# EasyBox 904 reconnecten?



## dertolleolli (21. Januar 2014)

Ich bin seit heute stolzer Besitzer einer EasyBox 904,

hat jemand eine leise Ahnung wie ich meine reconnect.bat für meinen jdownloader anpassen könnte?

Vorher hatte ich die Box 803, da lautete sie so:

@echo off
Echo Router reset: Vodafone Easybox A 803
curl "http://192.168.2.1/cgi-bin/login.exe" -d "user=Fickfresse&pws=Penis63" -c "cookies.txt"
curl "http://192.168.2.1/cgi-bin/statusprocess.exe" -d "pvc=0&cur_if=11&disconnect.x=113&disconnect.y =13& disconnect=Neu+verbinden"
if exist cookies.txt del cookies.txt

Der Scheiß funtioniert jetzt natürlich nicht mehr. Bei Google find ich nix, mit dem Jdownloader hab ich auch nichts basteln könnnen bisher... Hat jemand ne Idee oder ne Lösung? Hilfe!!!


----------



## MaxRink (21. Januar 2014)

Stecker rau, stecker rein. Hilft immer


----------



## dertolleolli (22. Januar 2014)

MaxRink schrieb:


> Stecker rau, stecker rein.
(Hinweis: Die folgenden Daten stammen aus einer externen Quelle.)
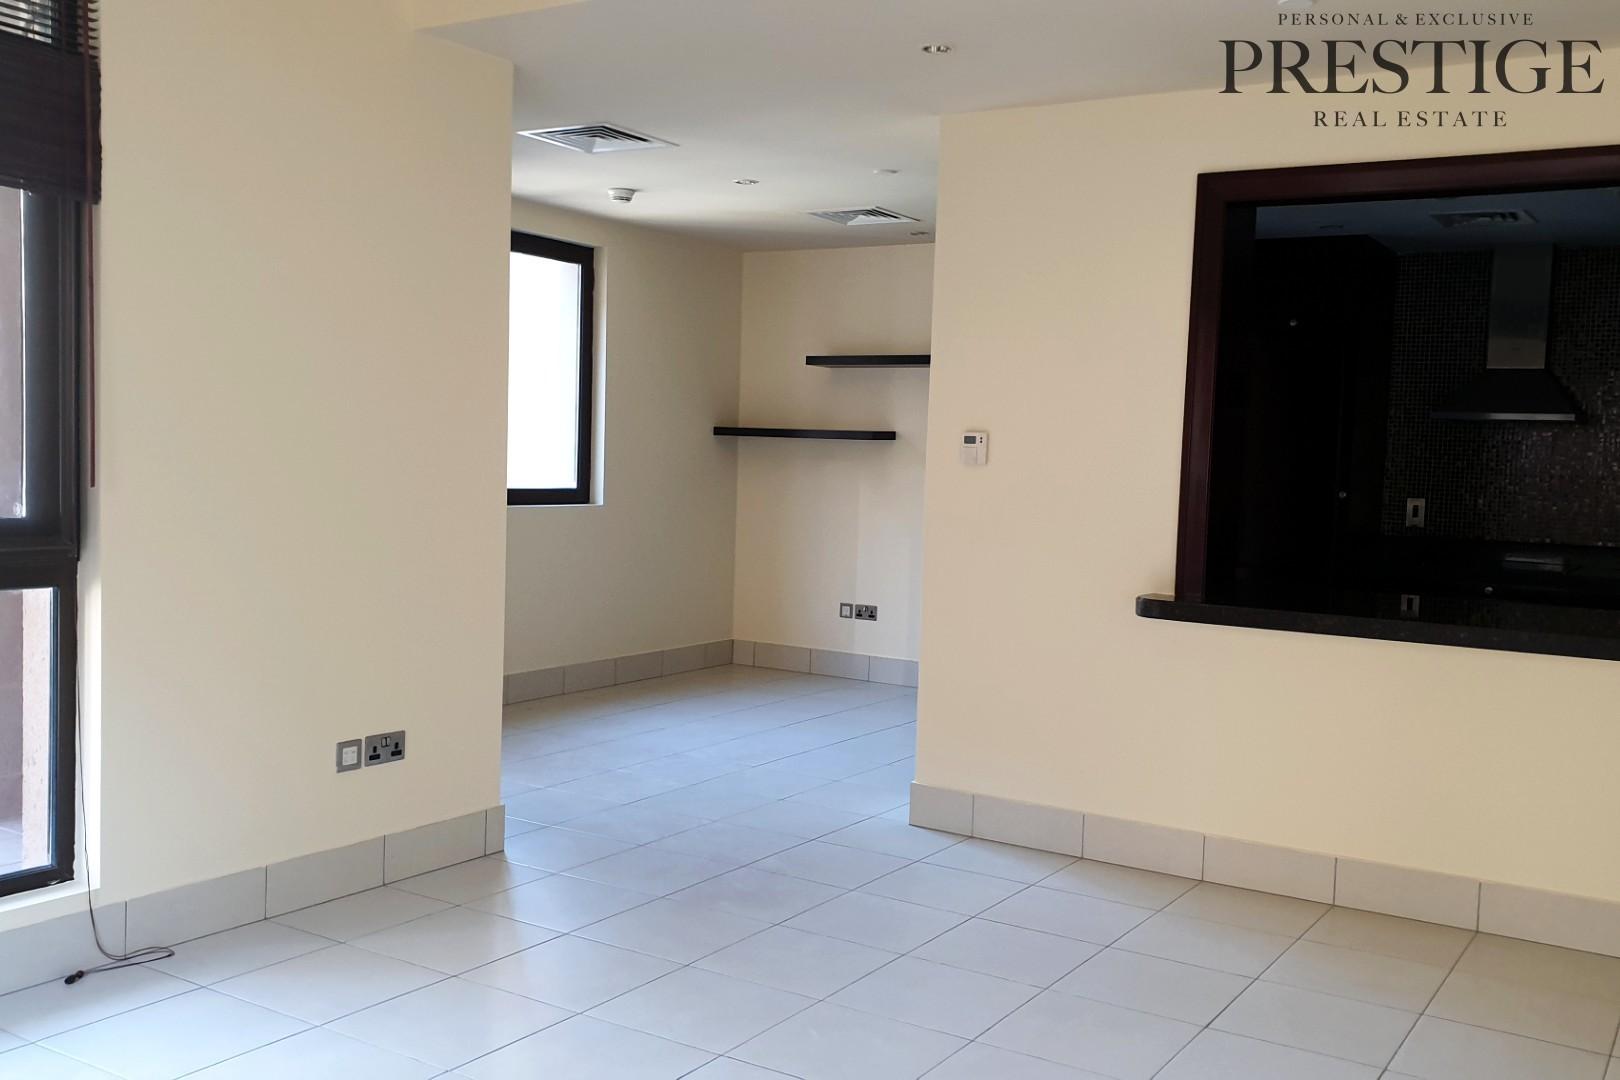 spacious-2-bedroom-with-study-pool-views

Hilft immer


 
Geht so. Man kann ja auch einen Neustart über die Software durchführen, das dauert allerdings fast 2 Minuten bis die Internetverbindung dann wieder da ist. Ich will ja aber nur 'nen schnellen IP-Wechsel, dafür wär ne Batch-Datei schön. Hat niemand einen Plan?


----------



## TheBadFrag (22. Januar 2014)

Premium Account kaufen.

PS: Deine Logindaten sind lustig.


----------



## dertolleolli (22. Januar 2014)

TheBadFrag schrieb:


> Premium Account kaufen.
> 
> PS: Deine Logindaten sind lustig.


 
Das sind nicht meine echten  Hab Premium, aber geht auch eher generell darum einfach mal per Doppelklick schnell 'ne neue IP zu generieren. Hat denn niemand außer mir diese Box und n bisschen Know-How? Das kann doch nicht sein


----------



## Kohloe (14. März 2014)

Hab auch seit neuestem das Teil bei mir rumstehen. Gibts schon ne Lösung zwecks Reconnect?


----------